In order to identify the latest develop commit, we use the GHA marketplace action which finds and creates a variable to be used for the latest develop commit SHA.

  • name: Create variable for the nearest develop commit SHA uses: nrwl/nx-set-shas@v3 with: main-branch-name: 'develop'

Then, we need to create a separate pipeline, which will be used to save the derived data whenever a pull request is successfully saved to develop. This will be a very similar flow to our original however the difference will be that we save the cache at the end like the below. This will cache the tmp/derived-data file (which we have set to be the location of derived data in fastlane) to be stored against the latest develop commit SHA.

  • uses: actions/cache/save@v3 name: Save Derived Data Cache with: path: tmp/derived-data key: v1-derived-data-cache-${{ steps.setSHAs.outputs.head }}

Next we need to get the correct cached derived data in our CI pipeline for pull requests. We need to again use the latest develop commit SHA to find the correct derived data cache. We use the restore version of the same action used above in order to find the right cache. This will either find a cache with an exact match, or it will fall back and use the most recent derived data with a partial match.

  • uses: actions/cache/restore@v3 name: Restore Derived Data Cache with: path: tmp/derived-data key: | v1-derived-data-cache-${{ steps.setSHAs.outputs.head }} v1-derived-data-cache-

Similar to the mentioned blog post, GHA will also set the last modified time to be the time that the file was cloned. As Xcode is using this time, we need to update this in order to take advantage of the derived data caching. We managed to find a GHA marketplace action which allowed us to do this.

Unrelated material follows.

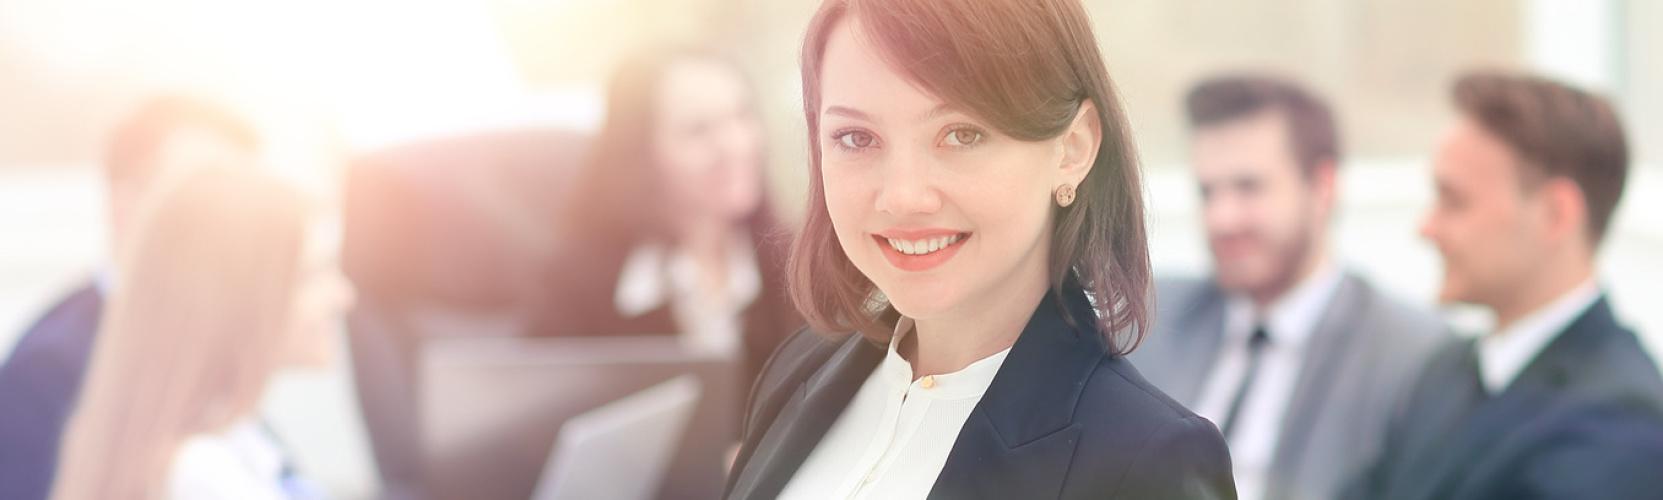 Junge Frau im Anzug - Karriere im Gebäudemanagement

  • name: Update mtime for incremental builds uses: chetan/git-restore-mtime-action@v2

Last but not least, we need to set the IgnoreFileSystemDeviceInodeChanges=YES in order to ensure Xcode does not consider our cached derived data to be out of date.

  • name: Set IgnoreFileSystemDeviceInodeChanges flag run: defaults write com.apple.dt.XCBuild IgnoreFileSystemDeviceInodeChanges -bool YES

Now that is all complete, we have successfully sped up our CI Pipelines, and decreased our build times by up to 50%. Before we started with CircleCI we were regularly exceeding 30 mins, and after caching derived data and switching to GHA, we got our builds down to roughly 15 mins. This is a massive improvement and has definitely made us developers much happier!

Looking forward we do want to carry on improving our pipeline, and are always looking for ways to keep it up to date, and as fast as it can be. One problem we have encountered using this caching method is that there is no way to clear cache fully and force the build to run without the cached data in case of any build problems other than manually deleting each cache individually. This can be time consuming so we would like to investigate this further and try to find ways to mitigate this.